Il capo, non aspettandosi che avesse quel vizio, la prima volta che aveva visto i rivoli di fumo uscire dalla sua bocca era rientrato nelle cucine, nonostante fosse appena uscito. Aveva sempre saputo che era un po’ strano, ma lo stipendio era ottimo, perciò non si lamentava.
I colleghi, convinti che fosse successo qualcosa di terribile, narravano allegramente che una bella bevuta sarebbe stata un toccasana.
Era sì una cosa normale adoperarlo in cucina, ma di certo se c’era una cosa che detestava più del fumo era l’alcool.

Tuttavia non vedeva dove fosse il problema.
Era puntuale, veniva addirittura in anticipo, cosa degna di nota date le sue attività notturne, dava il massimo per rendere felici i palati dei clienti e per di più non aggrediva verbalmente nessuno, anche se ne aveva tutte le ragioni…

… chi cerco di prendere in giro.

Non avrebbe mai ammesso di aver fumato tre pacchetti di sigarette il giorno prima.
Venti sigarette per pacchetto.
Sessanta sigarette.  
Una sigaretta ogni 1440 secondi, 24 minuti o 0,4 ore.
La cosa si sta facendo seria.

A dispetto di tutta quella questione, la domanda del giorno era un’altra.
Perché aveva acconsentito a ritornare in quel posto dimenticato da dio?
La risposta in un primo momento fu: la paga. Eppure non poteva essere solo quello.
Decidendo che era inutile ponderare sulla questione, mise da parte l’argomento per un secondo momento.

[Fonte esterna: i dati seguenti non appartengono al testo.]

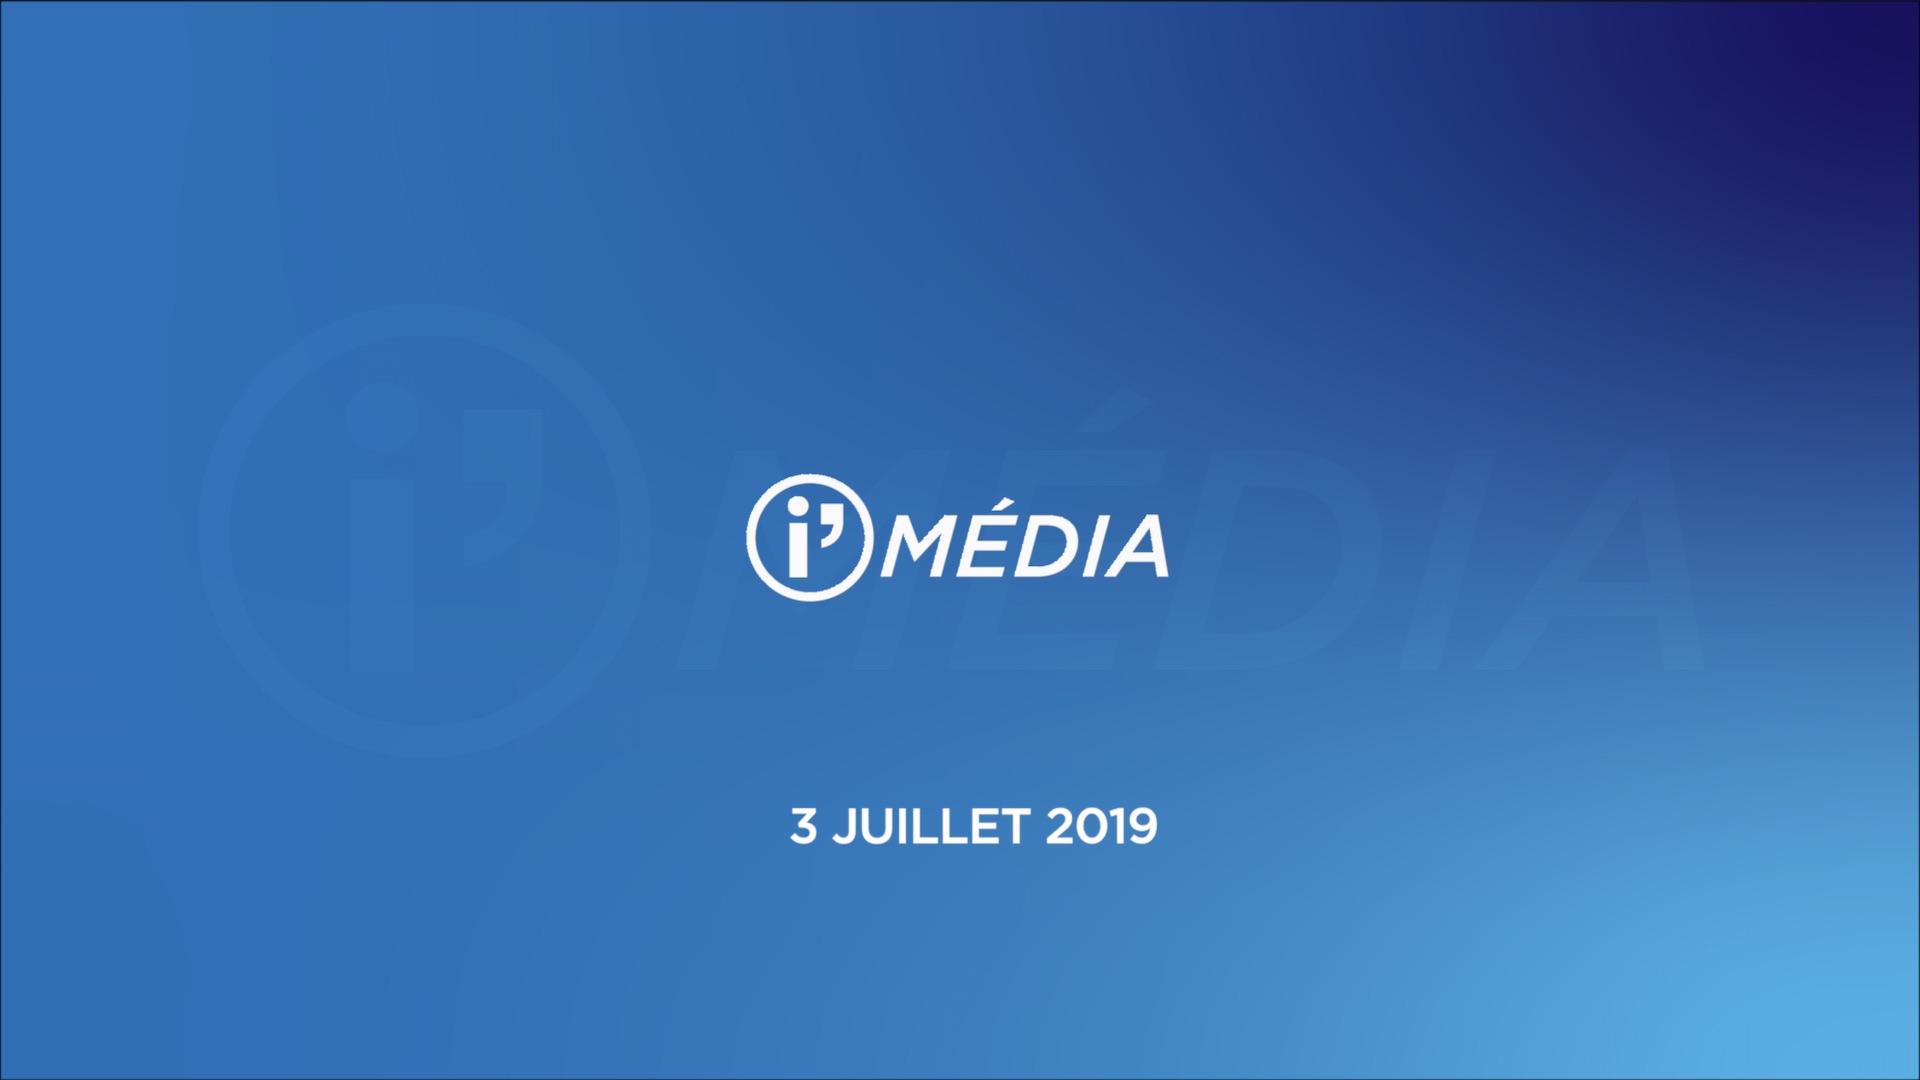 I'média 3 juillet 2019

Continuava a dirsi che erano inutili le loro preoccupazioni, ma la verità era che prima di partire aveva comprato quattro pacchetti.
E sono già a metà del secondo.

Erano passate due settimane dalla morte di Shiro.
Solo entrare in quella dannata città era stomachevole. L’unico sollievo era di non mangiato durante il volo, altrimenti avrebbe dovuto comprarsi un nuovo paio di scarpe e quelle che aveva addosso erano il suo paio preferito.

Non sapendo come orientarsi nella citta della Vera Croce, aveva chiamato un tassista con il preciso scopo di arrivare all’accademia in tempo e preferibilmente di buon umore. Inutile dire che, come tutti gli altri prima di lui, la prima cosa che vide fu la sigaretta.
Stava diventando irritante.

Sapendo che ad attenderli ci sarebbero stati circa cinquanta minuti di viaggio (era ora di punta da quelle parti), il tassista accese la radio su un canale di musica classica, preferendo farsi i cavoli propri, nonostante si fosse dimostrato molto cordiale.
Doveva aver visto che l’irritazione usciva da tutti i pori del suo corpo.

Tornando alla questione della giornata, due giorni prima Faust aveva deciso di usufruire della proposta, offrendo ad Agi un posto di lavoro alla propria accademia.
Tutt’ora non sapeva cosa farsene di quell’invito. Chiunque altro avrebbe reagito facendo salti di gioia, cantando, o qualunque cosa si facesse in quei casi.
Ciò nonostante, l’atteggiamento allegro, quasi menefreghista su certi livelli, per non parlare di snervante, dello spilungone suscitava solo un certo fastidio. Nessuno chiama solo per me, cosa mi aspettavo? Che Shiro tornasse miracolosamente in vita?

Non sapendo che altro fare, cominciò a battere leggermente il piede sul pavimento dell’auto. Era una situazione mai affrontata prima, cosa fare?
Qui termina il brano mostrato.